|The entire MCS-4 chipset: 4001, 4002, 4003, and 4004.|
|Release date||November 15, 1971|
|Architecture||4-bit word, 8-bit instruction, BCD-oriented|
|Word size|| 4 bit|
|Process|| 10 μm|
|Clock||500 kHz-740 kHz|
The MCS-4 (Micro-Computer Set-4) or 4000 Series or Busicom Chip Set was a family of 4-bit microprocessor chipsets developed by Intel. The entire chipset was made of four individual chips, including the 4004 CPU which became the first commercial microprocessor. MCS-4 was completed by March 1971, entered production in June, and introduced into the market on November 15, 1971.
Before Federico Faggin joined Intel in 1970, the development of the 4004 was rather slow.

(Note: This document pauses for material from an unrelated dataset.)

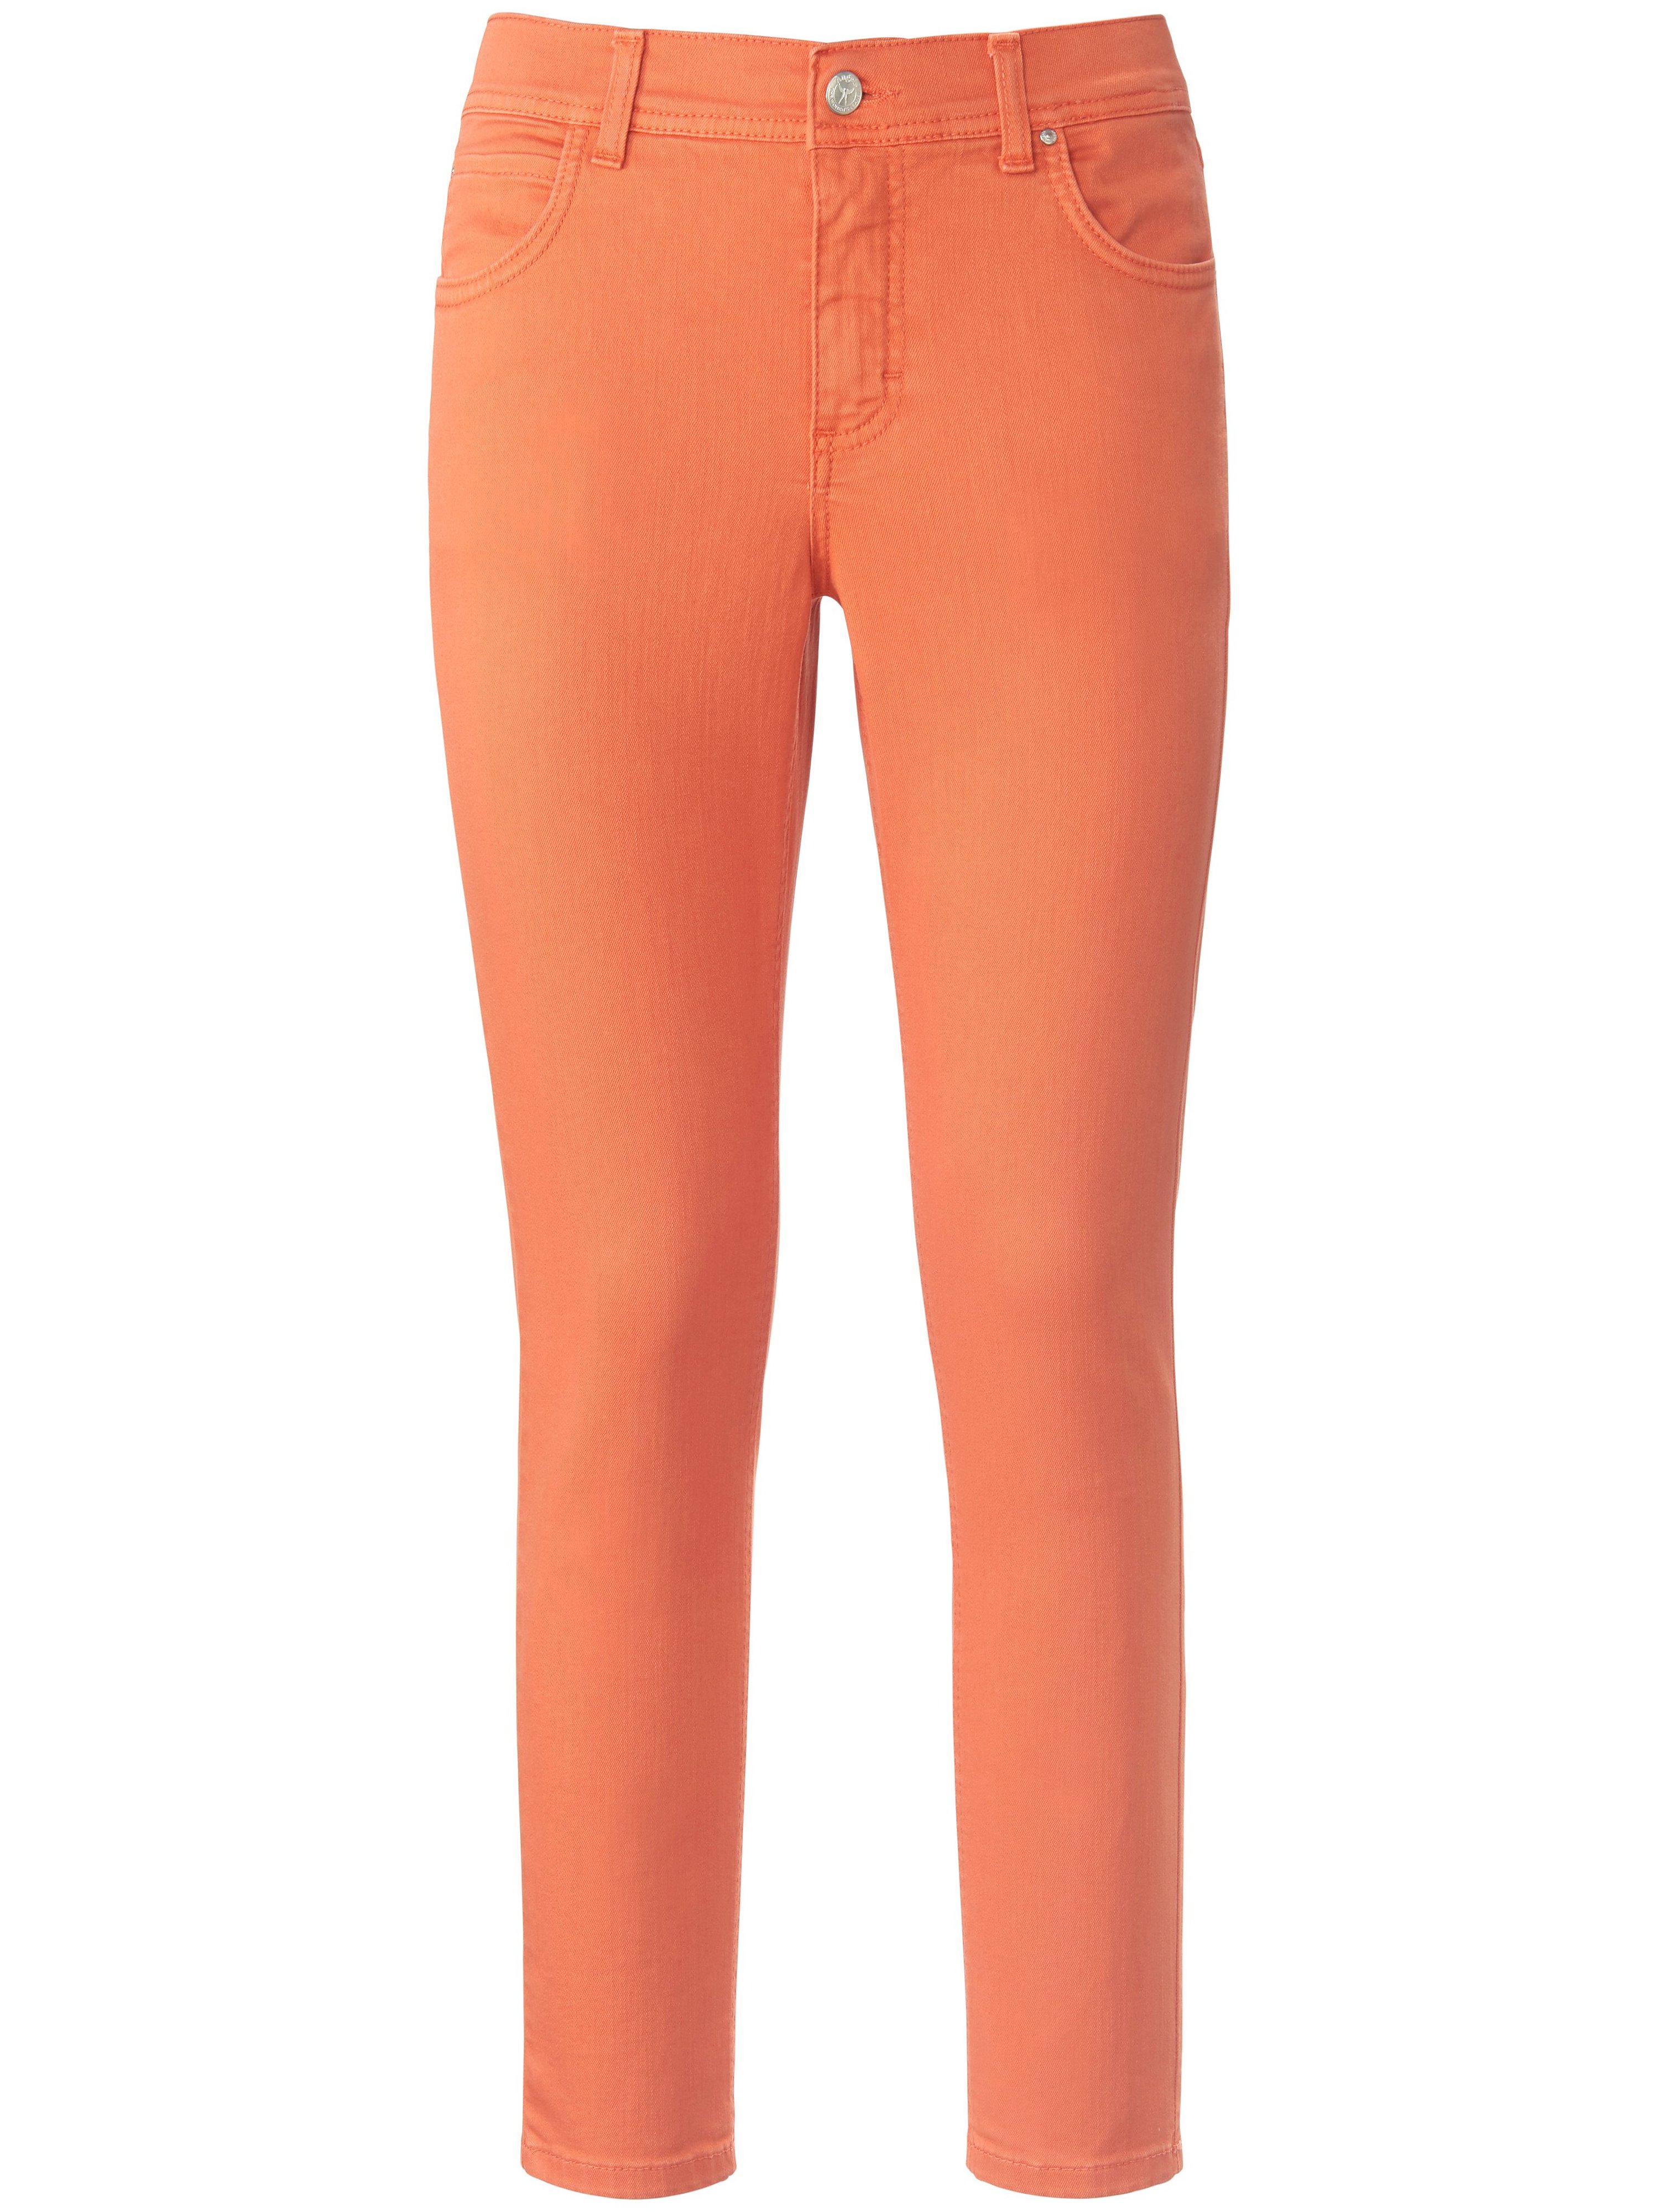 Jeans model Ornella iets kortere pijpen Van ANGELS oranje

Federico developed several design innovations at Intel that made it possible to fit the microprocessor in one chip, including new methodology for random logic chip design using silicon gate technology. Faggin developed the 4004 testing tool, chip and logic design concurrently with the layout of all the chips of the entire MCS-4 system.
At the time, Intel was only known for their memory chips. On 15 November 1971, they publicly announced the first commercial microprocessor in the 15th issue of Electronic News. The prophetic ad read: "Announcing a new era in integrated electronics". The chip was designed by Federico Faggin, Ted Hoff and Masatoshi Shima; it received U.S. Patent #3,821,715.
All the MCS-4 components were packaged in 16-pin ceramic DIP. The 16-pin package, which proved to be the most problematic restriction was imposed by management.
The MCS-4 can be minimally functioning with just the 4001 ROM and the 4004 CPU, however its designed to be fully functioning with RAM and shift register.additionally two more chips, the 4008 and 4009 to expand the system to work with any of Intel's existing memory chip selections.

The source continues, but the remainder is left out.